In that sense, President Obama represents an outstanding new truth: old social orders can be overcome, at least when the candidate is strong enough. The power of such a symbol should not be overlooked. We hear stories everyday of implicit association tests and academic studies which record children of all races identifying whites with successful occupations and positive attributes and African Americans or other minorities with less savory characteristics.

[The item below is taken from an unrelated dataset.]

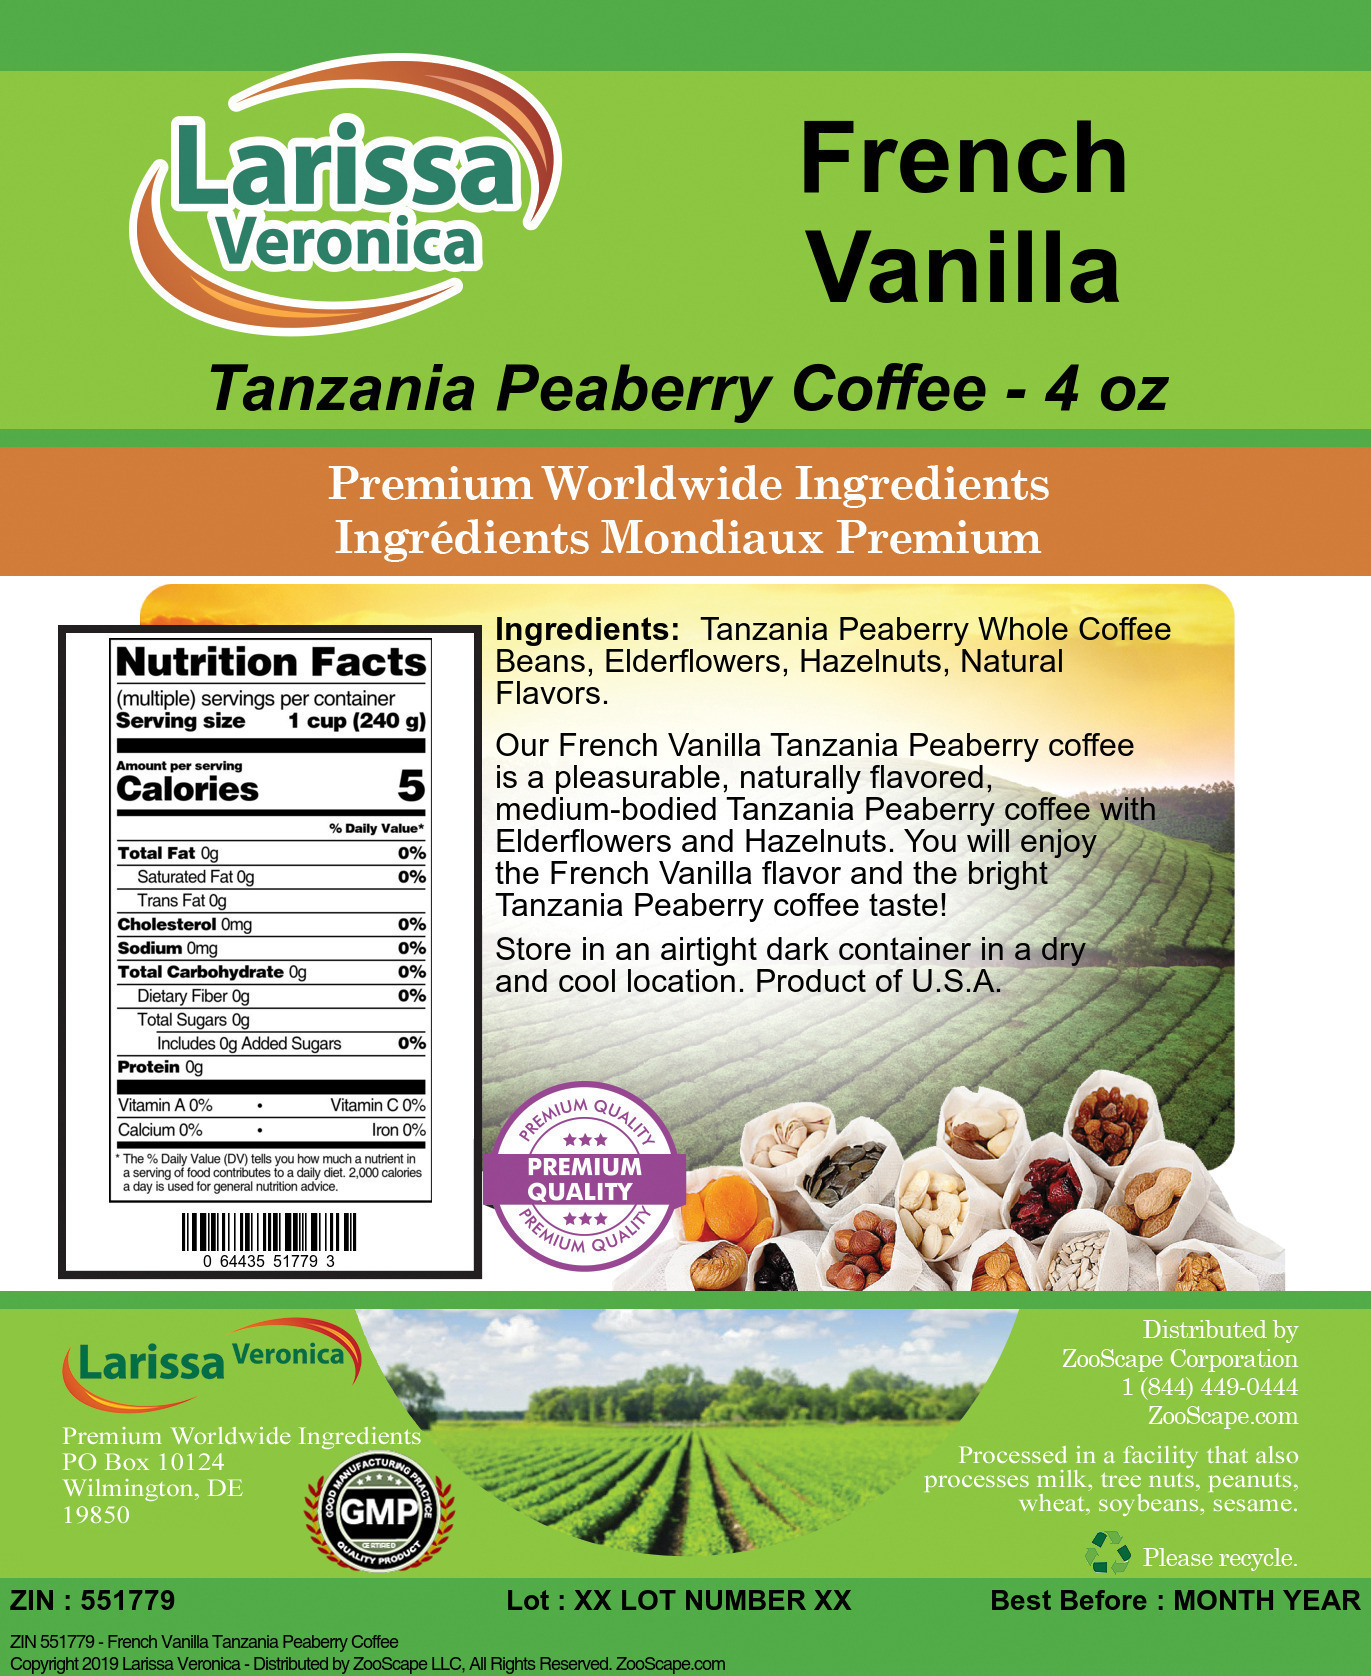 French Vanilla Tanzania Peaberry Coffee - Label

With the election of President Obama, today’s children will grow up seeing a powerful man and a man worthy of respect and capable of leading the U.S. into a new global era — a man that happens to be African American and thus a symbol that race has no place in the judgment of a person’s ability in any context.
America United
And we can also see in exit polls and in anecdotal accounts that in this year and in this election, a group of people so diverse that perhaps their only common characteristic was the label “American” united and finally did what Dr. King longed to see for so long: joined together irrespective of racial or other differences and achieved something momentous. Dr. King once admitted that one of his gravest disappointments was with the group he termed “the white moderate,” noting that “I have almost reached the regrettable conclusion that the Negro’s great stumbling block is not the White Citizens Counciler or the Ku Klux Klanner, but the white moderate who is more devoted to ‘order’ than to justice; who prefers a negative peace which is the absence of tension to a positive peace which is the presence of justice; who constantly says: ‘I agree with the goal you seek, but I cannot agree with your method… ‘”

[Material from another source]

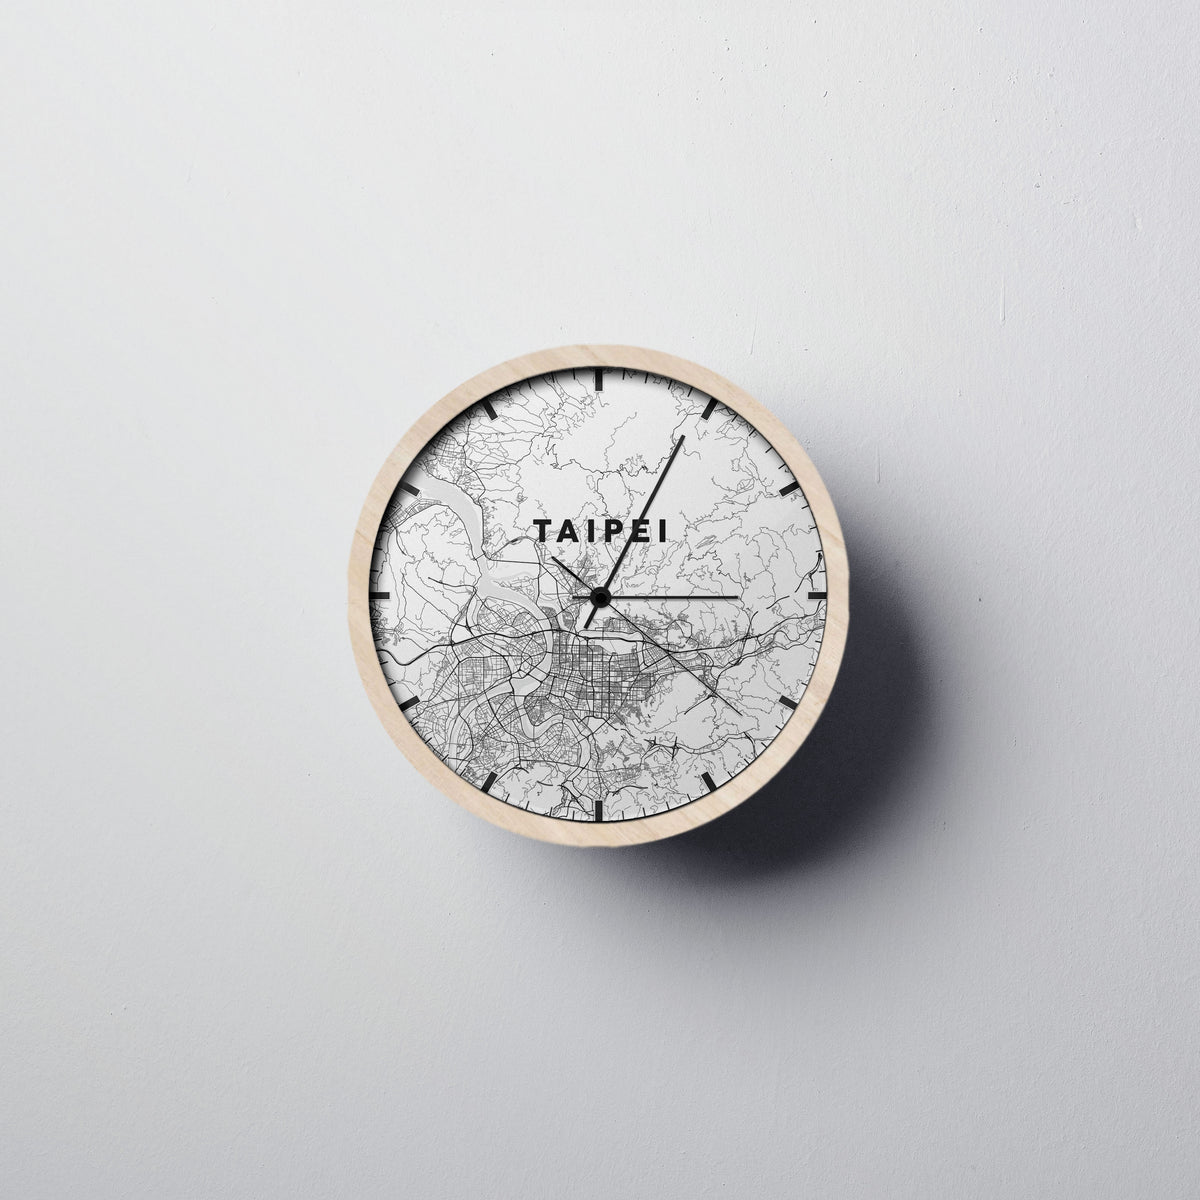 Taipei Wall Clock

Today, despite the fact that we heard similar comments made about Obama — comments such as “well, sure that all sounds good but he can’t do it” or statements which questioned Obama’s motives, sincerity or even his nationality — yes, even in spite of all that, the “white moderate” — as defined by Dr. King — joined with the rest of the American nation in electing someone that stood for justice and not for the established social hierarchy. For me and for my family in the context in which I was raised, the achievement of this dream has been a long time coming.
The Dream Continues
Still, though, Obama’s election presents new challenges. Just as many white Americans have been content to argue that the country’s racial tensions passed with Dr. King and the Civil Rights Movement, so too might many argue that Obama’s election verifies the assertion that Dr. King’s dream has been achieved and that such a dream no longer needs our attention.

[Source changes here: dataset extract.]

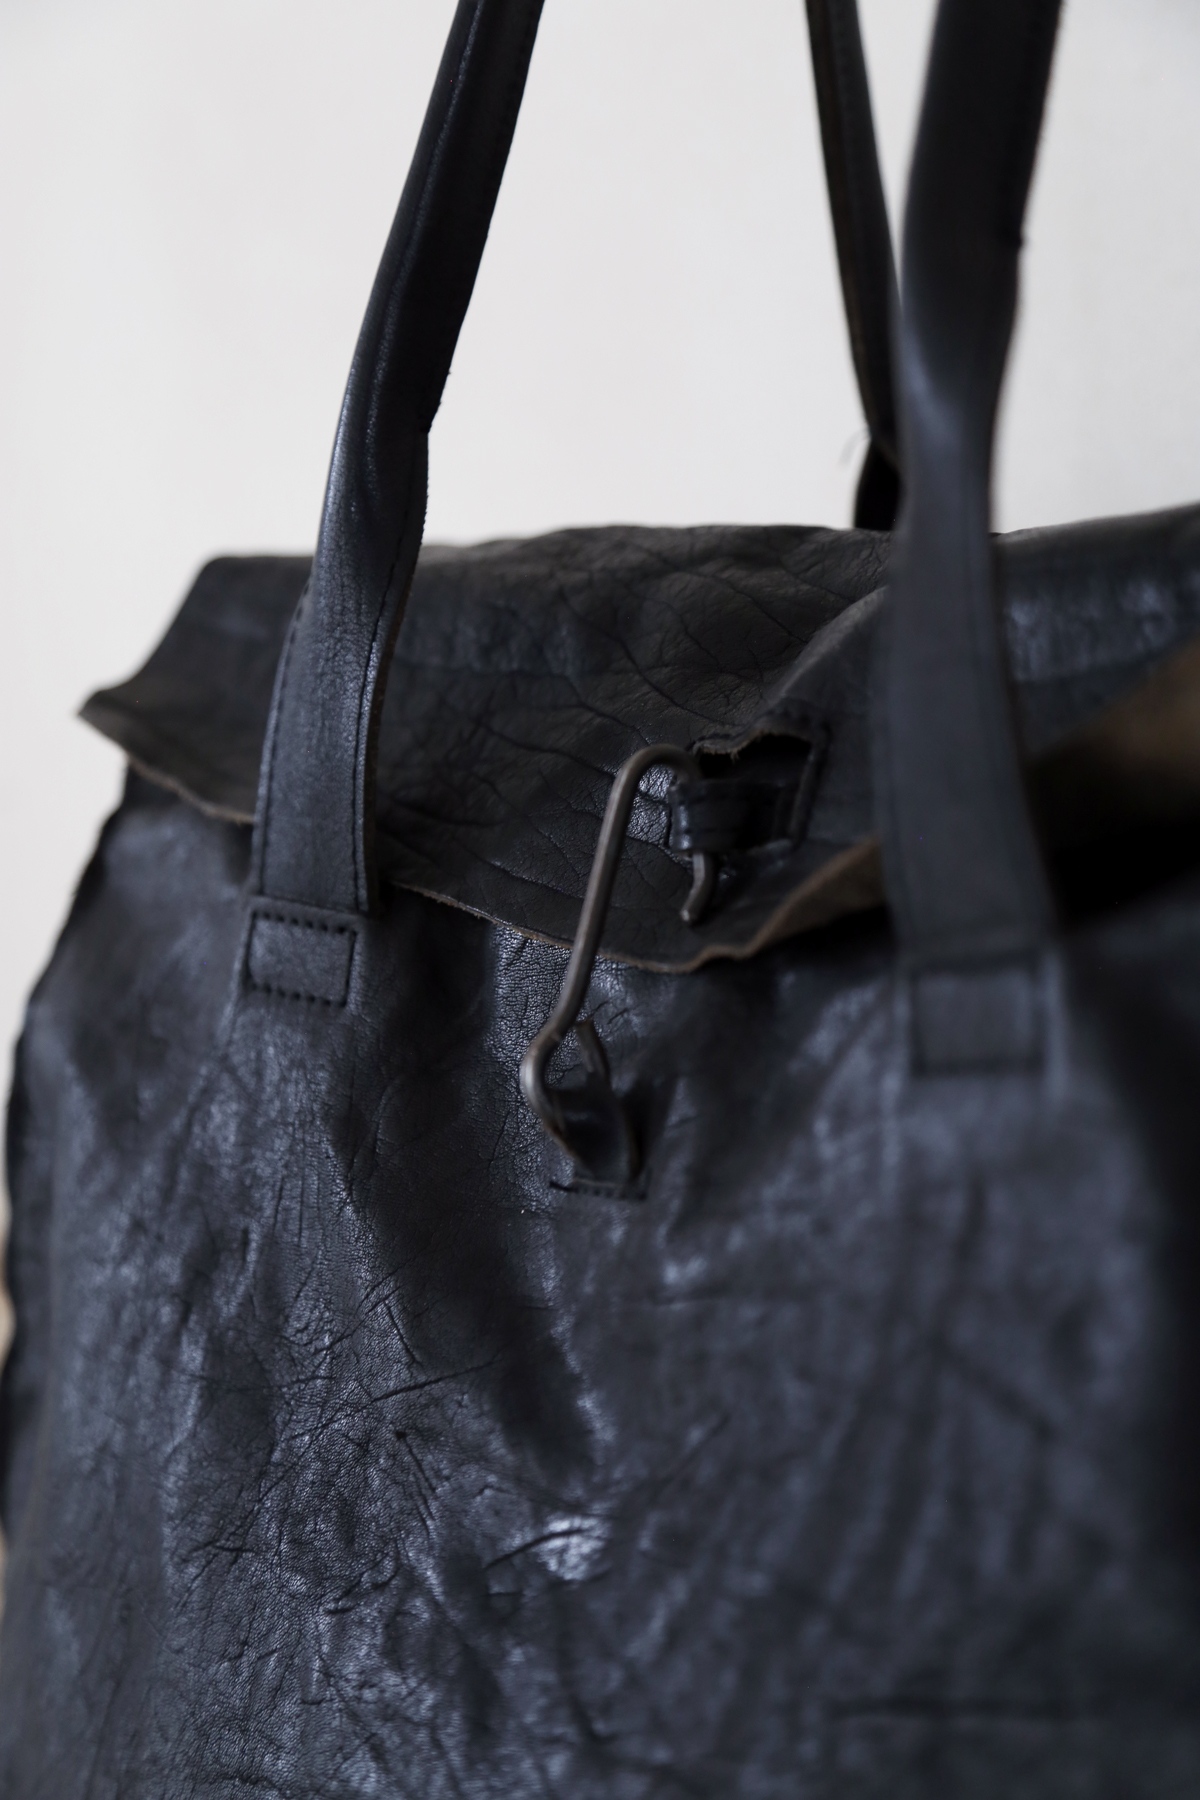 Black leather doctor's bag Belinda at

Such an assumption, though, is specious. The statistics are verifiable and easily found which show that whites in the U.S. retain the possession of the upper hand in most any occupation in the country. The election of Obama, therefore, while certainly an accomplishment in many ways, must be recorded as a step and only a step.
As Dr. King reminds us, “The Negro today is not struggling for some abstract vague rights, but for concrete and prompt improvement in his way of life. What will it profit him to be able to send his children to an integrated school if the family income is insufficient to buy him school clothes?” Likewise, King might ask, what will it profit Americans today to see that an African American can be elected president if old socio-economic divides continue to widen as they are today?
What we must do, therefore, is remain circumspect. Obama’s election is certainly an inspiring sign of positive social change, and is one of which Dr. King would be particularly proud. We must never stop, though, seeking to realize King’s dream until we can say that true equality has been afforded to all.
Matt Triplett receives scholarship funds from the William Louis Poteat Scholarship, the Zachary T. Smith Leadership Scholarship and the John W. Boatwright Scholarship.